There are three basic skills required to be able to code.

  1. Being able to break down a process into its smallest parts.
  2. Recognising points of failure
  3. Logical organisation (using conditional statements)

Breaking down the process

For example, let’s look at the process to make a cup of tea. If you asked someone how to do this then you might get a 5-stage reply:

  1. Put teabag onto cup
  2. Add hot water
  3. Leave for 3 minutes
  4. Remove teabag
  5. Add milk

Now the above might be a typical “human” response but were we to break this down into steps suitable for a computer to understand (as much as it could understand about making a cup of tea) then this would fall far short. In fact you could end up with well over 100 steps. For example the following provides an expanded list for just point 1 above (and there are a lot more, but lets keep this simple for now)

  1. Go to cupboard
  2. Open cupboard
  3. Get cup from cupboard
  4. Put cup on kitchen worktop
  5. Go to tea bag caddy
  6. Get tea bag from caddy
  7. Put tea bag into cup

Already we have expanded the original point 1 into 7 and even this makes several assumptions including that we only want to make one cup of tea, we only have one type of tea to choose, etc. However, no matter what we have left out, the point to remember is that, as a human, we can understand general instructions and are able to interpret them. With computers, they require specific instructions which they will precisely follow (even if wrong).

Points of failure

The second coding skill, and possibly the hardest to get correct first time, is to take into consideration anything which could go wrong. Just taking point 1 (“Go to cupboard”) above, how many things could go wrong? Lets put some of them down:

  1. You can’t find the cupboard (maybe you are not in the kitchen or even in the same house).
  2. The cupboard doesn’t exist (perhaps it has been removed for redecorating)
  3. You can’t see the cupboard (maybe someone has blindfolded you)
  4. The path to the cupboard is blocked (there could be a lion in the kitchen)
  5. You can’t move (perhaps someone has tied you to the table)
  6. You can’t reach the cupboard (as you a lying on the floor)

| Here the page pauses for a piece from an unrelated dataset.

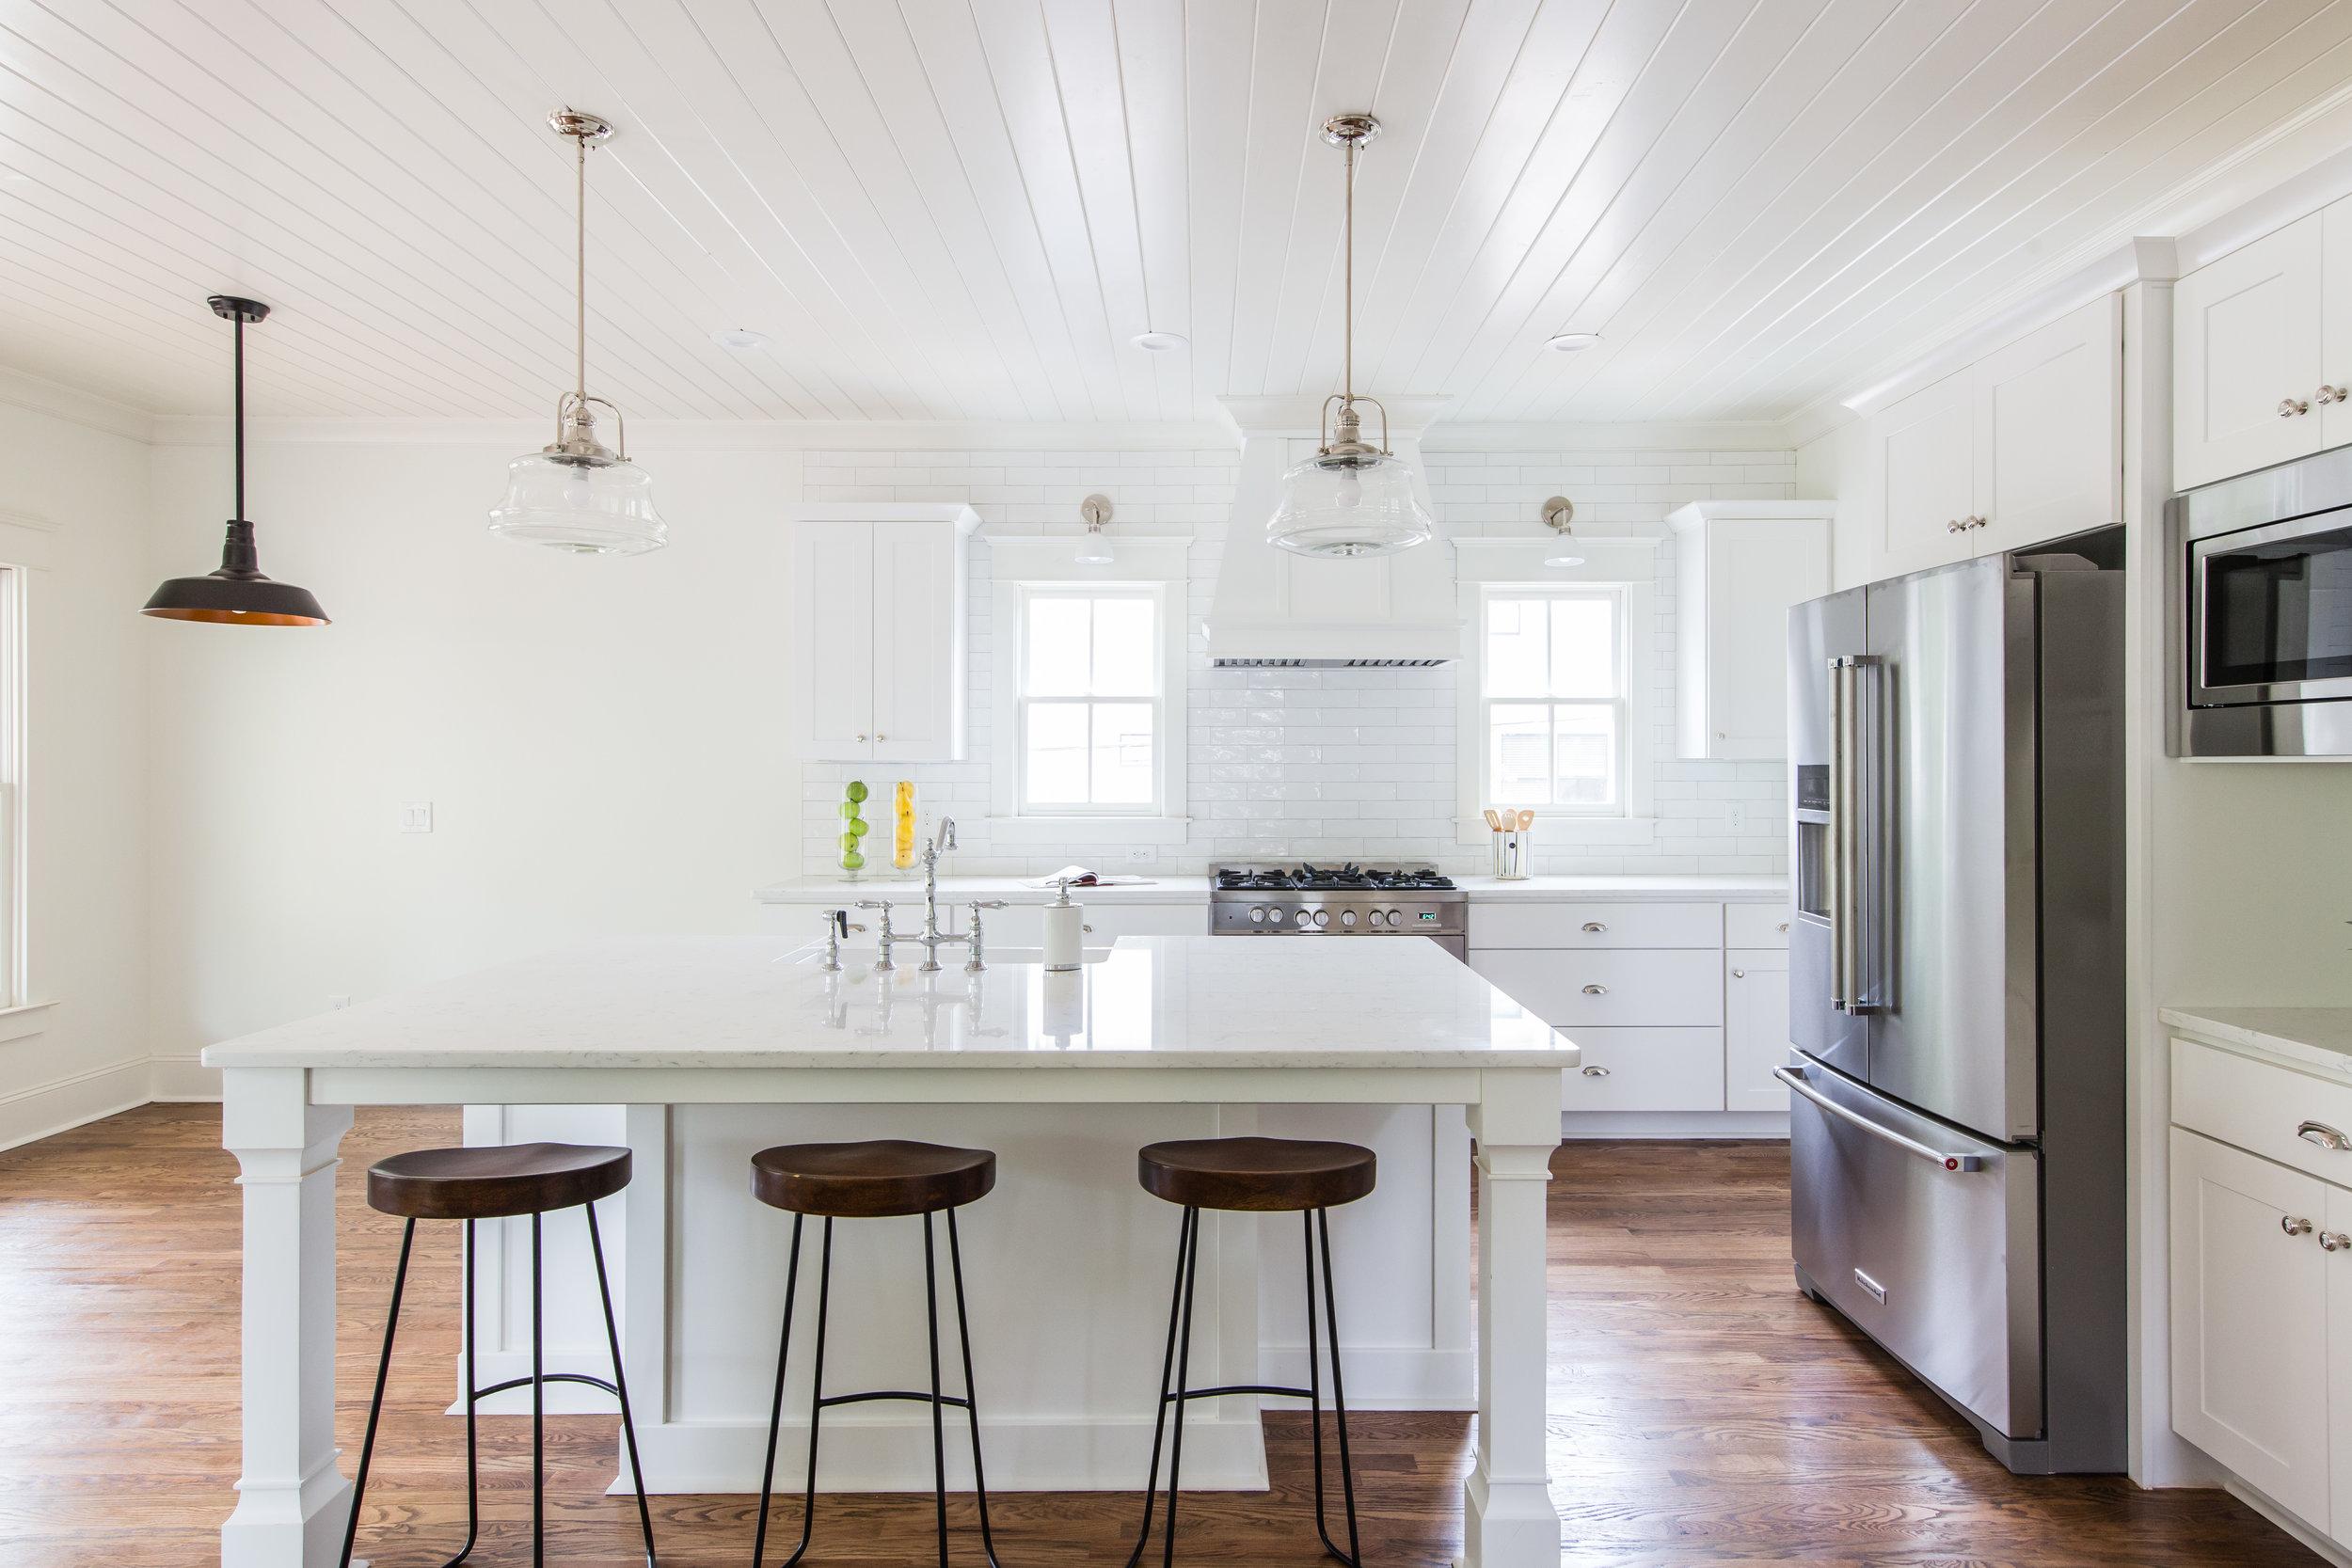 303 Melrose-Kitchen 3.jpg
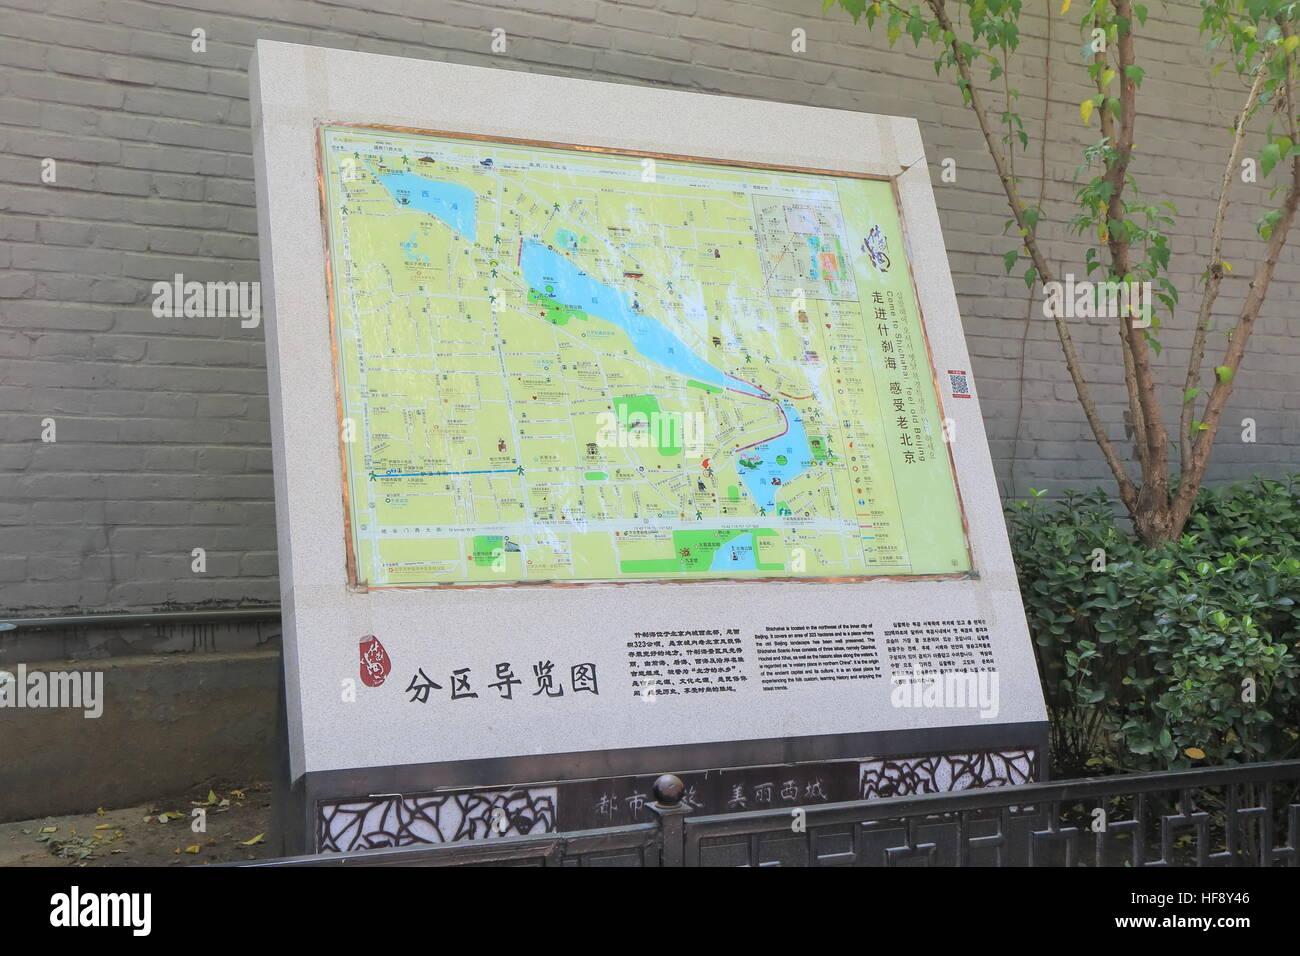 Houhai lake Shichhai Futong street map in Houhai lake district in Beijing China. - Stock Image

So there are 2 points to notice from the above list.

  1. There are a lot of things which can go wrong, which is why this part of coding can be difficult, as there are so many things to consider we can miss something.
  2. Whilst the chance of some the above happening is very small, we still need to consider what to do if they do happen. The consequences of not doing so will mean, at best, the computer program will stop with an error or, at worst, it will continue and cause a small disaster further down the line.

Remember humans can assume and workaround problems based on experience, however a computer needs to be told what to do. No matter how small the chance of a problem arising, it is better to code in a solution rather than risk something going wrong.

Logical Organisation

Having the previous two skill sets will give you a good start in programming, but the ability to combine these two is critical in being able to produce good code. When coding it is good to think in a slightly different way. We need to perceive what we need to do as a set of logical steps which will action one after the other in a systematic and logical manner. One of the simplest ways to demonstrate this is with a flow chart and the following is a basic flow chart for the first step we outlined above.

As you can see we are now taking the small steps we defined for our process, combined them with the different possibilities of what could happen and organised them in a logical progression so we can get from the first step to the last. At times we might move down different paths of the process but ultimately the code we write should ensure that the process keeps flowing in the direction needed to complete whatever task we want to achieve in Excel or any other program we are coding for.